A gift to Donald Tusk’s government.  Borrowing will be much cheaper

4.97 percent — that’s profitability (hereafter the equivalent of the interest paid from our taxes to bond purchasers) Polish 10-year treasury bonds In quotes on Wednesday. The first downward breakout of five percent occurred on Tuesday, but the close of the day was once again above that mark. But on Wednesday, the rankings appear to want to stabilize at the levels of the top four.

See also: New OECD forecasts for Poland. How long will we wait for the economy to recover?

In December, yields fell by 0.53 percentage points. To show the scale of this phenomenon, if the interest rate on the entire state treasury debt fell by this much, the savings could amount to PLN 7 billion per year on interest payments. In 2024 alone, the government must borrow over PLN 420 billion (and perhaps more after new spending plans), saving 0.53 percentage points. The benefits will result in savings of PLN 2.2 billion in annual expenses. Since September, the yield on Polish 10-year bonds has fallen by as much as 0.93 percentage points.
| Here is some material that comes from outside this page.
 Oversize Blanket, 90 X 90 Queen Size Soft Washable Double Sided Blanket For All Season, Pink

Profitability of 10-year Polish bonds


The previous increase in interest rates led to a wave of inflation and higher interest rates this year until October The cost of debt servicing amounted to PLN 45 billion, or 8.8%. state expenditures, While a year ago in the same period it was 24 billion Polish zlotys and 6%. Expenses. In the current year Already 9.5 percent of taxes paid by Poles was used to pay off debts.
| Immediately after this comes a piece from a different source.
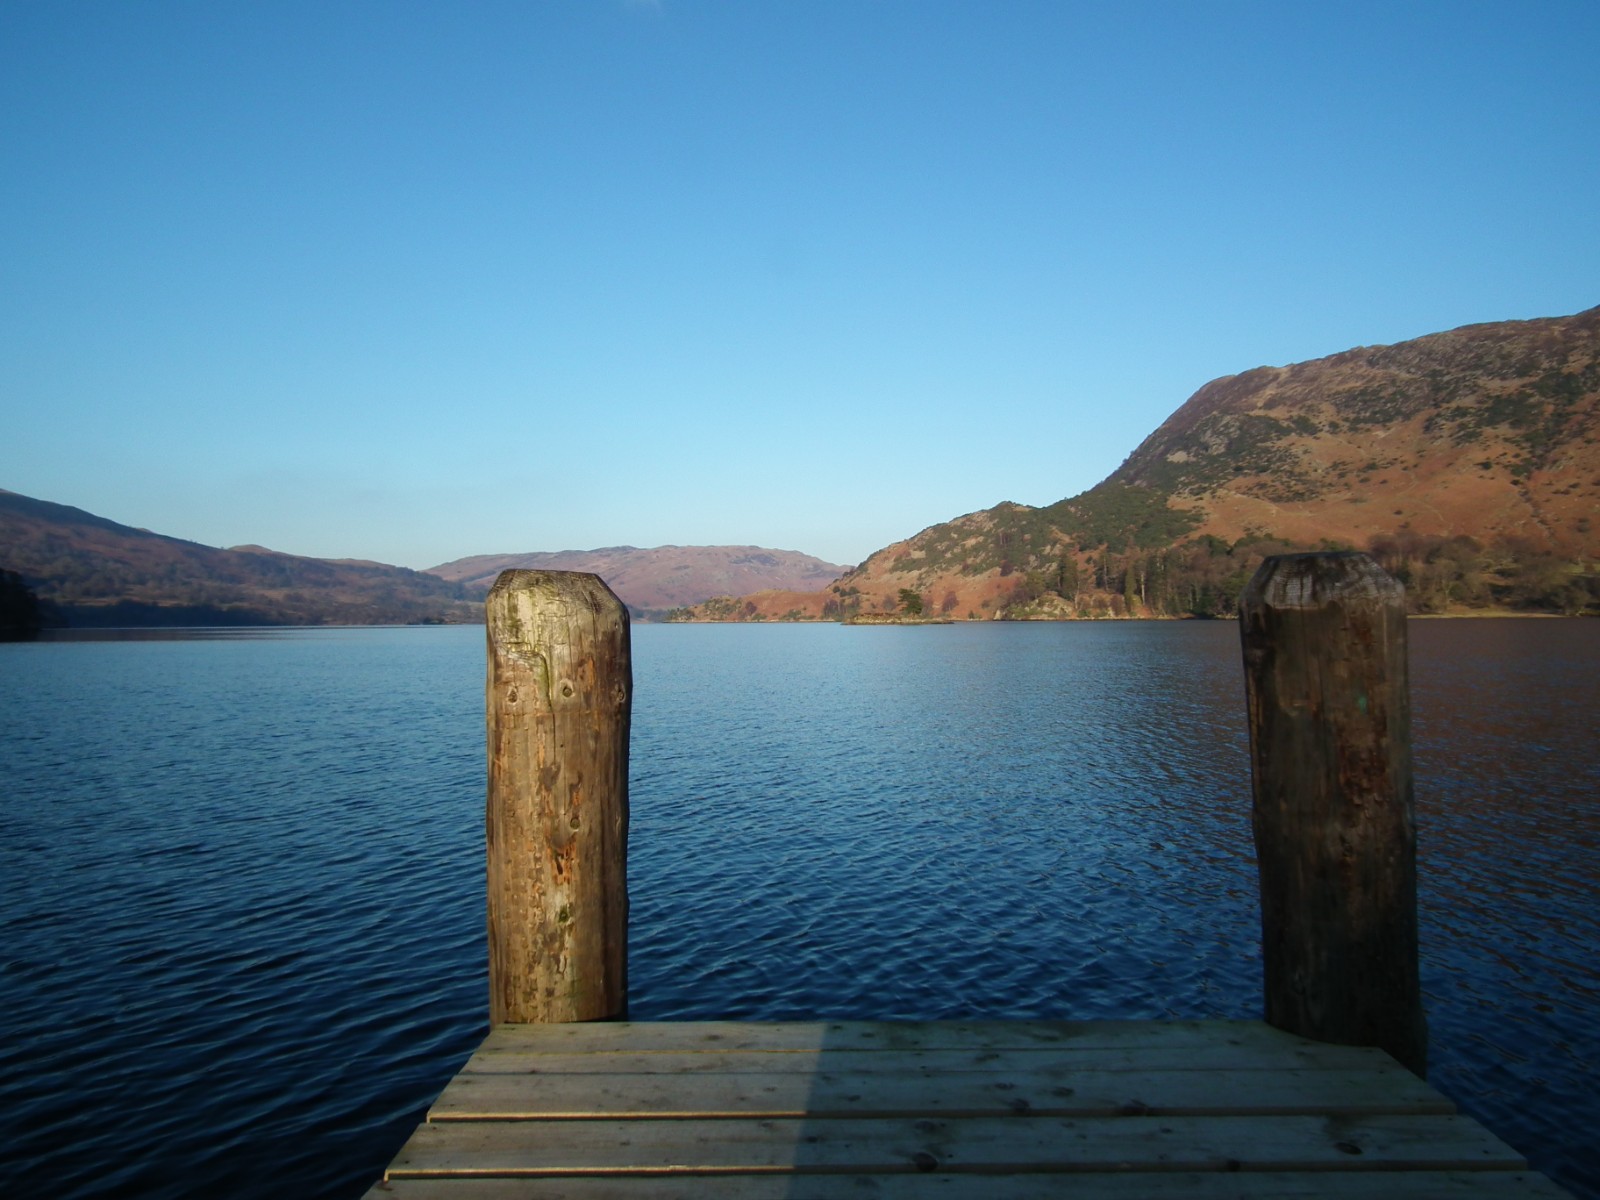 Ullswater tranquility

The transcript continues below the video

Interestingly, the recent decline in our bond yields is still ongoing, and the new government has just announced an increase in the already huge budget deficit. The offering will amount to PLN 180 billion, not PLN 165 billion as in the law prepared during the PiS government, which means it will be PLN 15 billion larger. The new costs introduced by the new government are expected to reach PLN 40-45 billion, so, like his predecessors, it seems that many expenses will be shifted outside the budget, although Minister Domanski talks about looking for savings, among other things. In the form of unfreezing energy prices starting mid-year. If this is the case, why are returns falling? Is the assessment of Donald Tusk’s government that good even before he begins governing in earnest?